Phoenix Environmental Design, a small service-disabled veteran-owned firm in Plankinton, S.D., that provides pesticides and herbicides to the federal government, has filed more than 30 protests to the GAO in the past two years against agencies for faulty contracting practices. About half of them concerned contracts intended for small businesses that went to large corporations.

In every instance, the government has pulled back the award and solicited bids from small firms, according to the company’s owner, Chad Gill. What’s more, government documents show that the small firms that won the contacts the second time around routinely did so with a lower bid than the initial award to the large company.

“When we got them to do it right, and there is competition and accountability, it ends up costing the federal agency less money,” Gill said.

The problem, he said, is that many of the contracting officers he works with in various agencies do not understand the small-business set-aside process. He is not the only one who has made that observation.

In one of the GAO’s rulings last fall, General Counsel Lynn H. Gibson noted that the Veterans Administration, for instance, has repeatedly failed to set aside contracts reserved for small firms, later suggesting that contracting officers have demonstrated “a fundamental misunderstanding of the agency’s obligations” under contracting laws.

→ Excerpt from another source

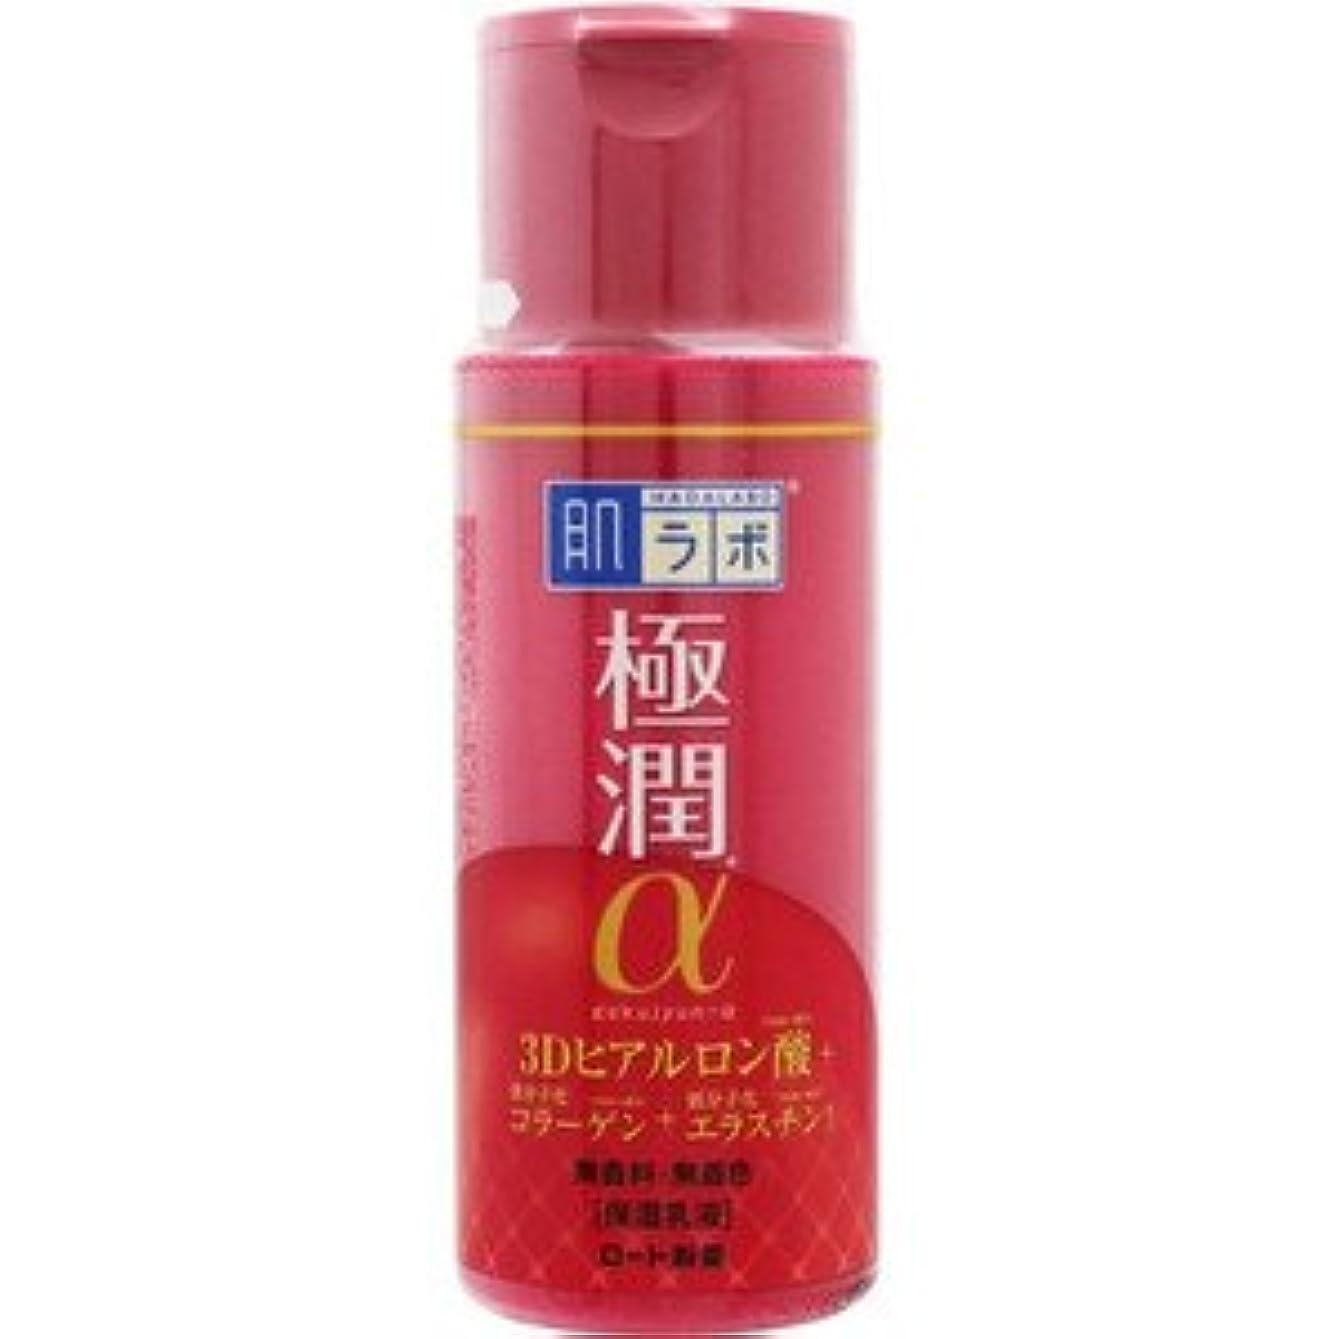 請求しょっぱい入植者(ロート製薬)肌ラボ極潤α 3Dヒアルロン酸保湿乳液 140ml(お買い得3個セット)

Charles Baker, who owns an electrical company that services the Defense Department, said his firm has suffered from similar contract classification errors. In many cases, he said, contracts that fall into the $3,000-to-$150,000 range are offered for general solicitation rather than reserved for small firms.

“The system is fundamentally broken, and it can destroy a small company like mine,” Baker, who owns MCB Lighting & Electric in Owings, Md., said. “There is no compliance with the laws, no enforcement.”

Maureen Schumann, a spokeswoman for the Defense Department, said Baker’s comment “clearly illustrates some of the frustrations felt by our industrial base” and that the agency is taking measures to “ensure that the right policies, procedures and programs are in place to increase contracting opportunities for small businesses.”

“We are constantly analyzing data and the [department] is using every available regulation to identify specific contracts that can be set aside for small businesses” Schumann said.

She noted that the department contracted with small businesses on 68 percent of contracts in the $3,000-to-$150,000 range last year, an increase from 2011.